Start of GIVEN DATA

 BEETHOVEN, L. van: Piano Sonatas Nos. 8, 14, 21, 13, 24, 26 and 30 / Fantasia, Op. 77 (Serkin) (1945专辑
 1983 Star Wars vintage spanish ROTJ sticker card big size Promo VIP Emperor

End of GIVEN DATA
Start of GIVEN DATA

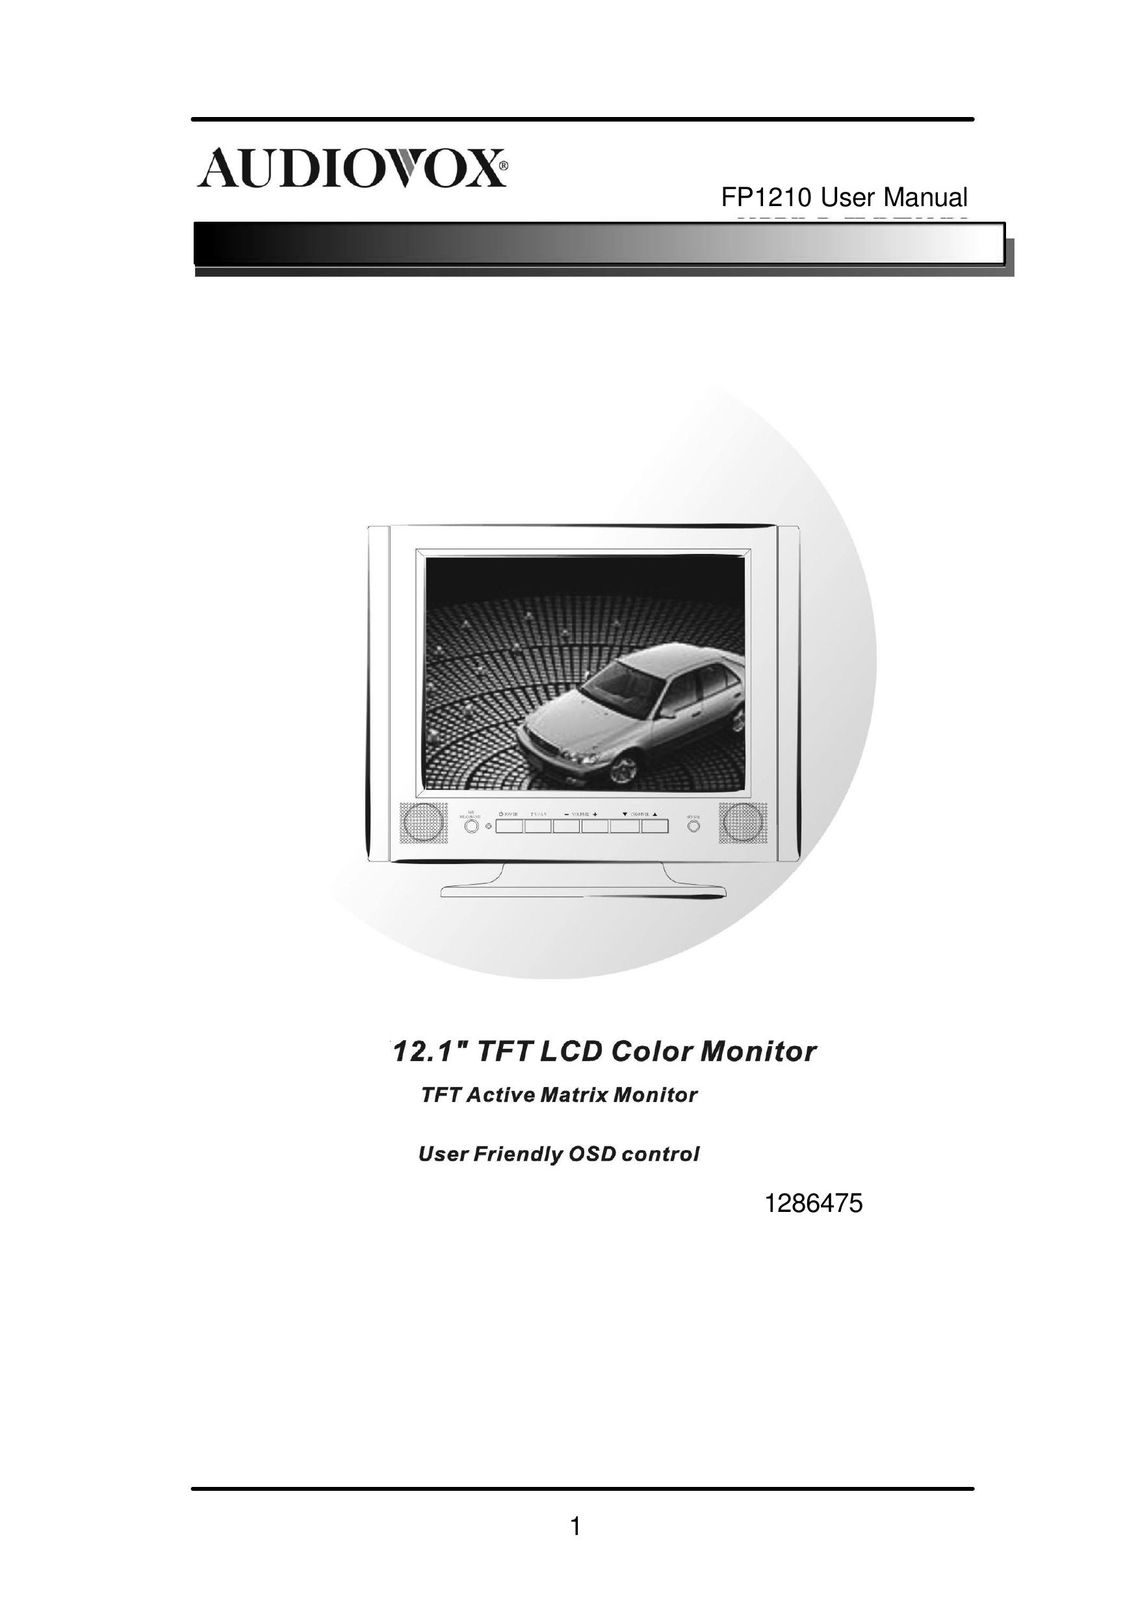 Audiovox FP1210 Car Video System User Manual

End of GIVEN DATA
Start of GIVEN DATA

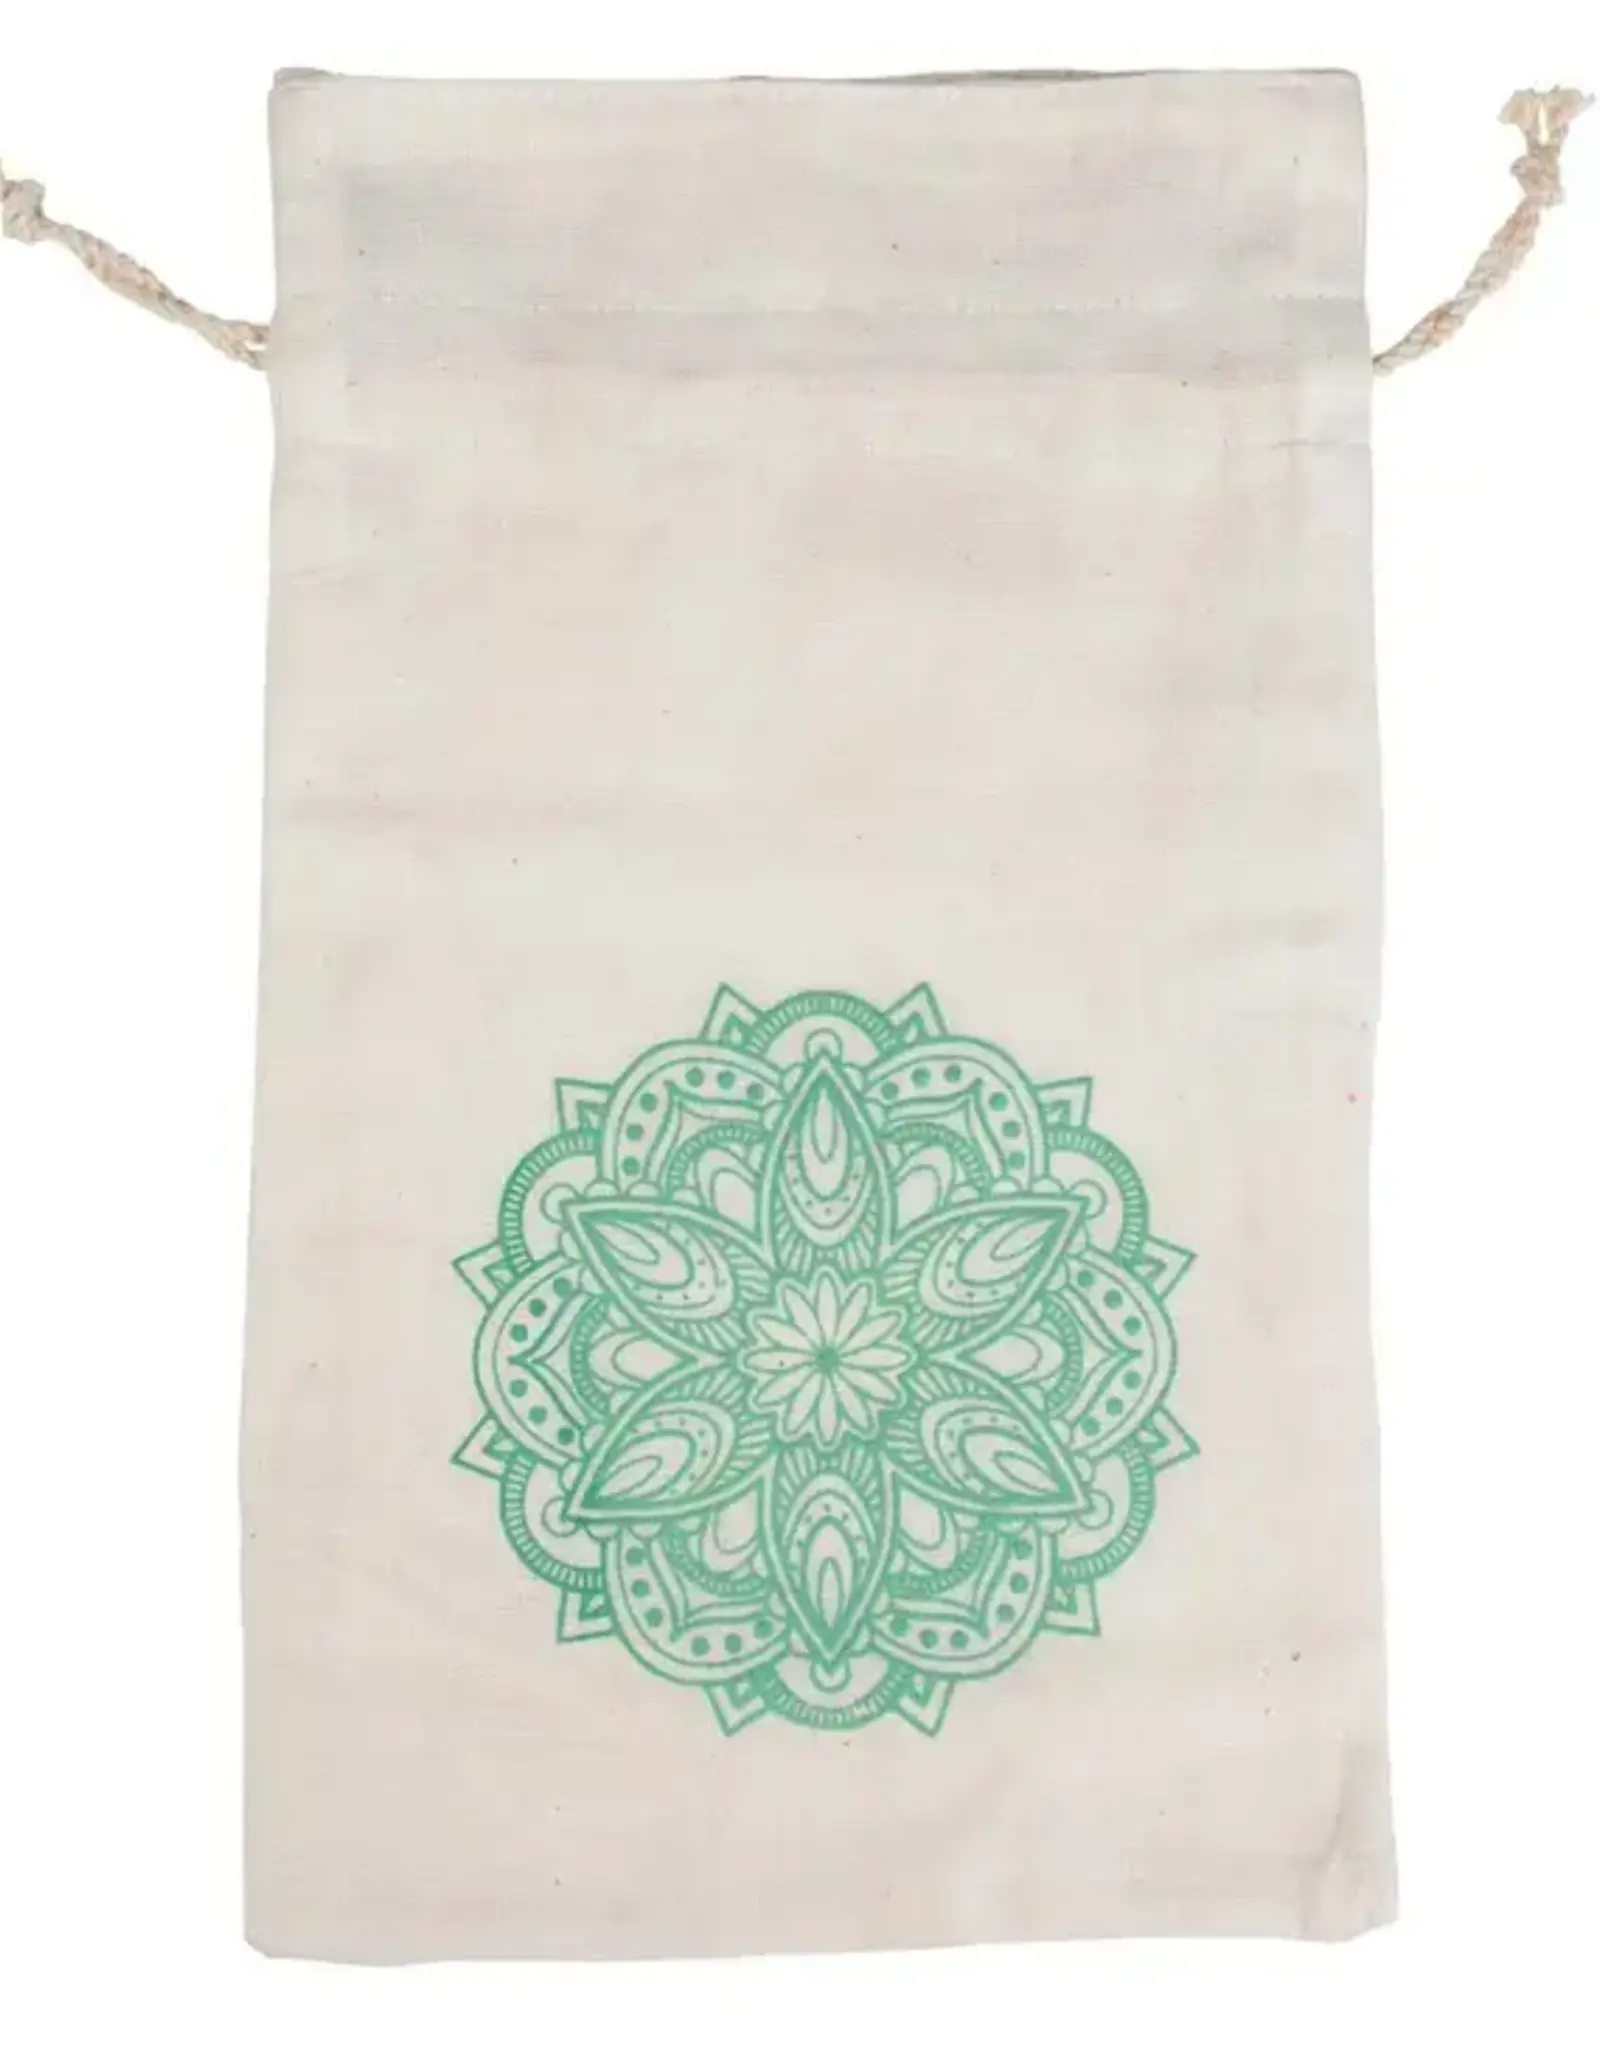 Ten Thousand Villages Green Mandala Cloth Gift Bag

End of GIVEN DATA

**WHAT THE TASK REQUIRES**. Which lines run from the one holding "BEETHOVEN, L. van: Piano" through the one holding "1983 Star Wars" in the records above? Repeat them exactly, both included, and nothing more.

**SOLUTION FOR THIS PROBLEM**.
 BEETHOVEN, L. van: Piano Sonatas Nos. 8, 14, 21, 13, 24, 26 and 30 / Fantasia, Op. 77 (Serkin) (1945专辑
 1983 Star Wars vintage spanish ROTJ sticker card big size Promo VIP Emperor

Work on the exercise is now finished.